Hi, Surenthar

Thank you!

If the enclave is first launched in machine A, it sends the quote to user and user stores it. When the enclave is launched in machine B, previous quote is invalid. Is connecting to IAS necessary again in this situation?

Is it possible that Intel allows so many end users to use IAS?

Is it possible that Intel allows some other companies to do the IAS work?

Hi Surenthar,

There seems to be a bit inconsistency in this thread.

You mentioned "The attestation can be stored in local disk for offline use using Sealing key". So, the attestation is stored on the SGX machine, otherwise there is no sealing key.

But then you acknowledged Gu's description that "If the enclave is first launched in machine A, it sends the quote to user and user stores it." Here 'user' is not the SGX machine, right?

I am confused here. Maybe I misunderstand somewhere? Could you specify who stores the attestation?

Moreover, I skimmed through most of Intel documentations about SGX, and never found a statement about storing attestation for future use (I only know that you can seal the secret for future use after attestation.)   Could you give a brief description about how the stored attestation will be used again in the future?

Many thanks,

Zhicong

Hi,

You mentioned "The attestation can be stored in local disk for offline use using Sealing key". So, the attestation is stored on the SGX machine, otherwise there is no sealing key.

               Here i am referring Attestation as the secret data (in the form of Encrypted)  received from IAS and stored for future use(Sealing Process).

But then you acknowledged Gu's description that "If the enclave is first launched in machine A, it sends the quote to user and user stores it." Here 'user' is not the SGX machine, right?

               If the enclave is first launched in machine A, it connecting to IAS and get the secret data and stored it (SGX Machine). when the enclave is launched in machine B, there is no “previous quote” unless the enclave has attested before.  

Please refer the below blog for more information

https://software.intel.com/en-us/blogs/2016/05/04/introduction-to-intel-sgx-sealing

https://software.intel.com/en-us/attestation-sealing-with-software-guard-extensions

-Surenthar

Hi Selvaraj,

My question is: is it possible that Intel allows many end users/clients with out enclave to use IAS? That means if I set up a application with enclave, and expose to many end users on web browser or client app. Is it possible to let end users who using web browser or client app to attest my enclave and verify with IAS?

Good afternoon, I hope this note finds everyone's week having gone well.

As I watched this thread unfold it seemed that it suffered from somewhat of a lack of crispness and clarity.  Hopefully, the following reflections will help advance the level of community understanding of SGX remote attestation and to assist us in our 'Best Reply' quest.

First of all, it is important to note that SGX in no way relieves security architects from conforming to the three basic laws of security thermodynamics; ie. the requirement to implement identification, authentication and authorization.  SGX simply provides infrastructure to implement these fundamental tenants of information security.

This thread got a bit confusing when Surenthar began talking about encrypting a quote using static sealing keys.  It makes no sense to encrypt a quote or a quote verification from Intel Attestation Services (IAS), since they are both point in time statements regarding the authenticity of the identification and platform characteristics of an initialized enclave.

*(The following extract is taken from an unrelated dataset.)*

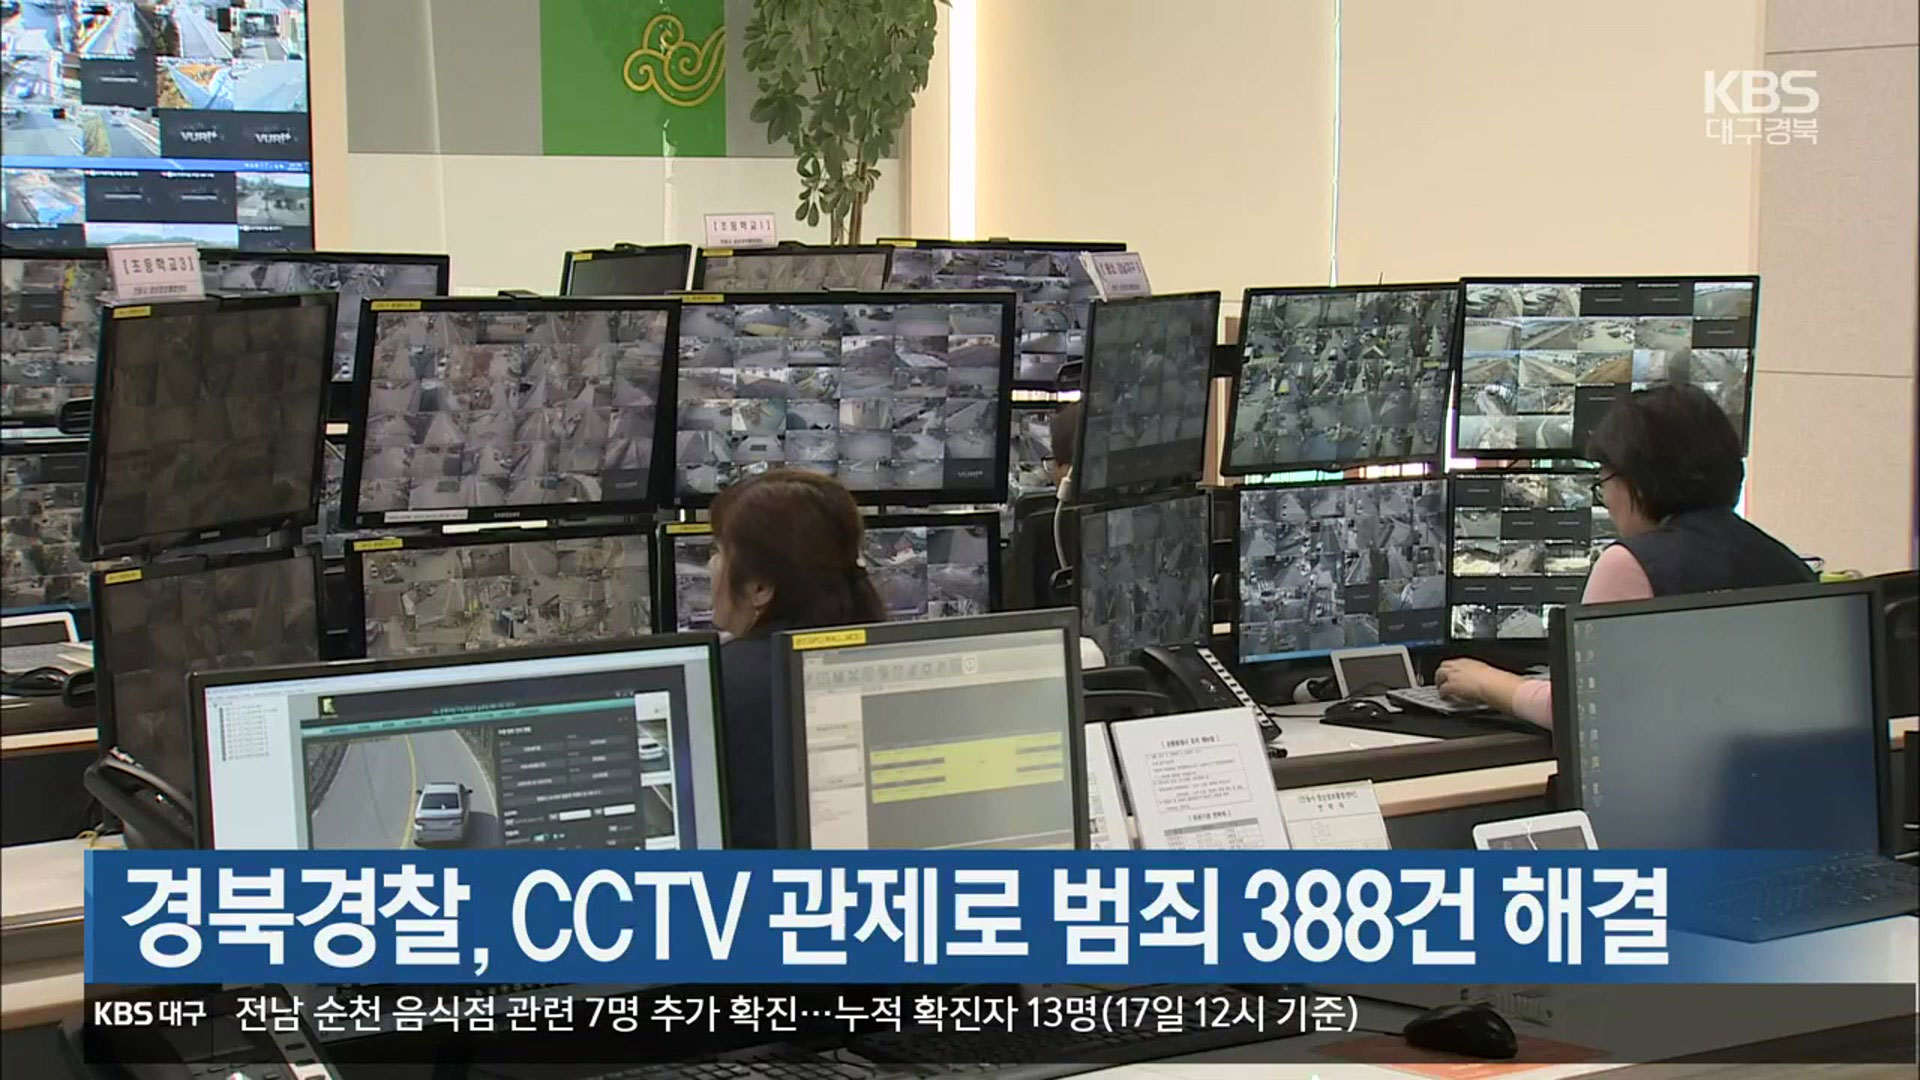 경북경찰, CCTV 관제로 범죄 388건 해결

In fact, the Quoting Enclave (QE) accepts a liveness nonce from a party requesting a quote in order to prevent a security adversary from simply replaying a previous quote.  It is an expectation of SGX remote attestation that the verifying party provide a nonce as a component of the attestation request and to verify that the offered nonce is in the report body that is returned by IAS, either directly or through a Service Provider (SP).

So, it would make no sense to encrypt and store a quote, since it would be irrelevant from a security perspective at a later time.  For example, consider an SGX based banking application.  From a security perspective, each time a web based client establishes a session there is a need to request remote attestation of the application enclave so that the application can authorize, via the enclave application version number and the enclave security version (SVN) that it is an application/enclave the client wishes to engage with from a session or security perspective.

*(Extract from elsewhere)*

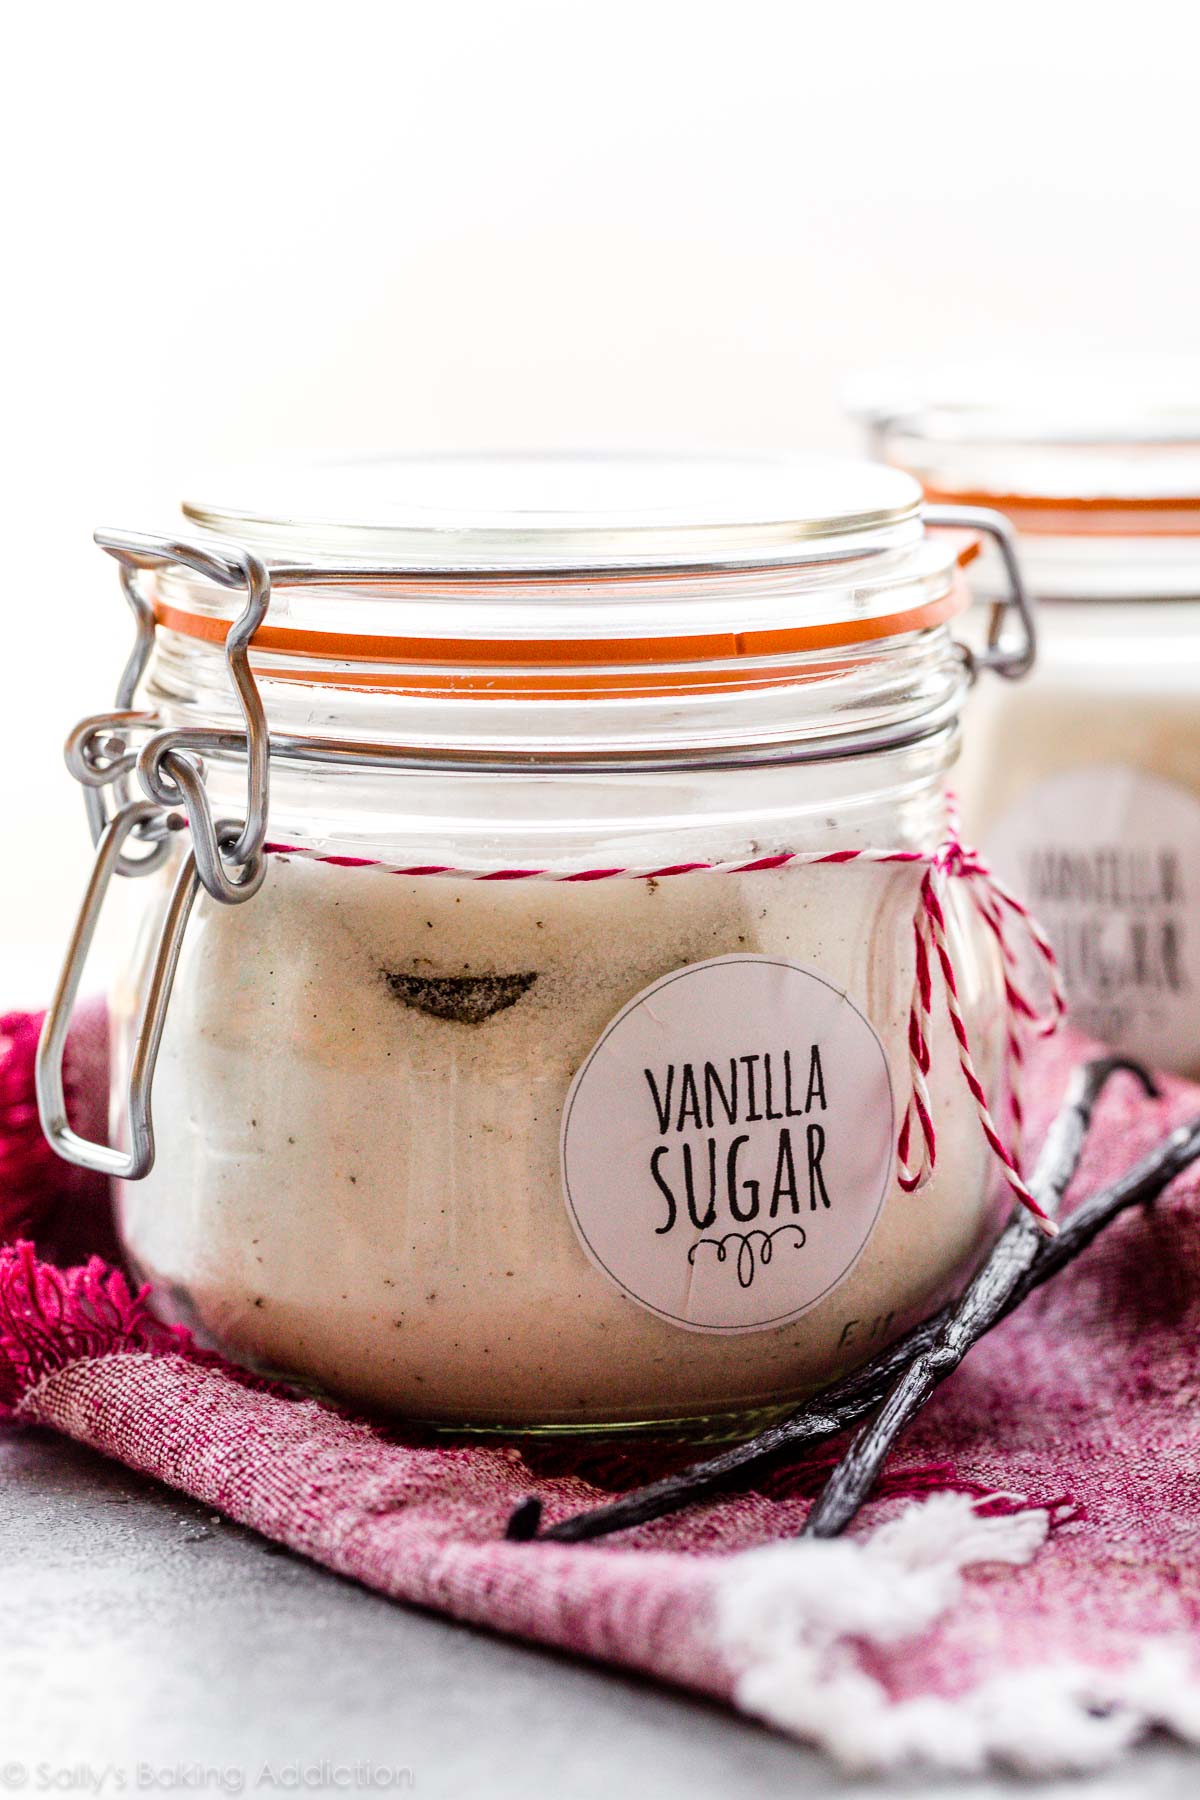 sucre vanillé maison dans un bocal avec des gousses de vanille sur le côté

What Surenthar was referring to was the encryption and persistent storage of sensitive data that may be imported into an enclave from a client.  The entire purpose of attestation from this perspective is to authenticate an Elliptic Curve Diffie Hellman (ECDH) key exchange between an attesting enclave and a verifying party.  This allows the two entities to negotiate a shared secret that can be used as the basis for the derivation of a symmetric key for the purposes of providing confidentiality and integrity guarantees for data that is being exchanged between the two parties.

As all security architects should know, identification is a necessary security requirement in an ephemeral key exchange transaction. Failing to implement strong authentication opens up the opportunity for a Man In The Middle Attack against the negotiated session key.

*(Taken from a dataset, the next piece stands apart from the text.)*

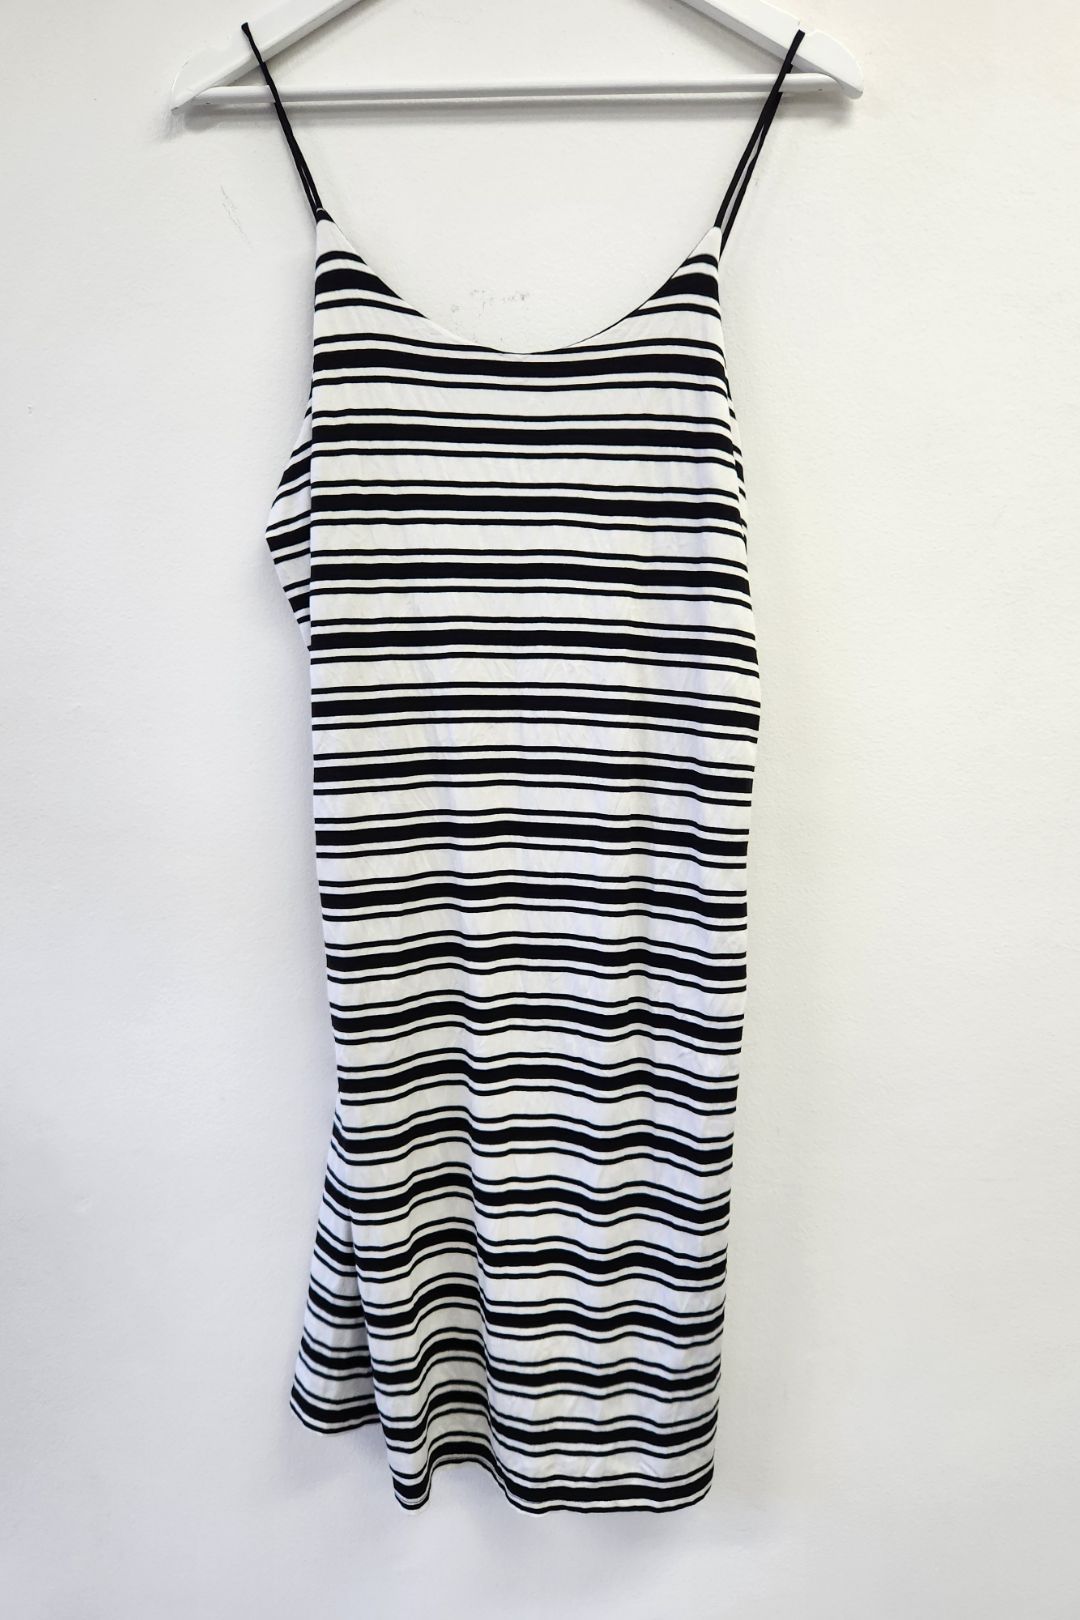 Shoe String Black Striped Dress

If data is to be persisted long term on the enclave side of the security context, the enclave requests the derivation of a static sealing key using the ENCLU[EGETKEY] instruction.  That key is in turn hashed or otherwise whitened in a deterministic fashion in order to provide a symmetric key that can be used for secure persistence of the data.All of this is accomplished by a 64 byte data field that is included in the body of a report request structure.  An attesting enclave places up to 64 bytes of data of its choosing in the field and then requests that a CMAC based signature (hash) be generated over the structure.  This signature is based on the report key which is another type of static key that can be generated by the ENCLU[EGETKEY] instruction and is specific to only the processor that generates it.

This signature can be re-generated by another enclave running on the platform in order to support intra-processor attestation.  This is possible since the report key is a processor specific value and thus available to any enclave initialized on a specific processor.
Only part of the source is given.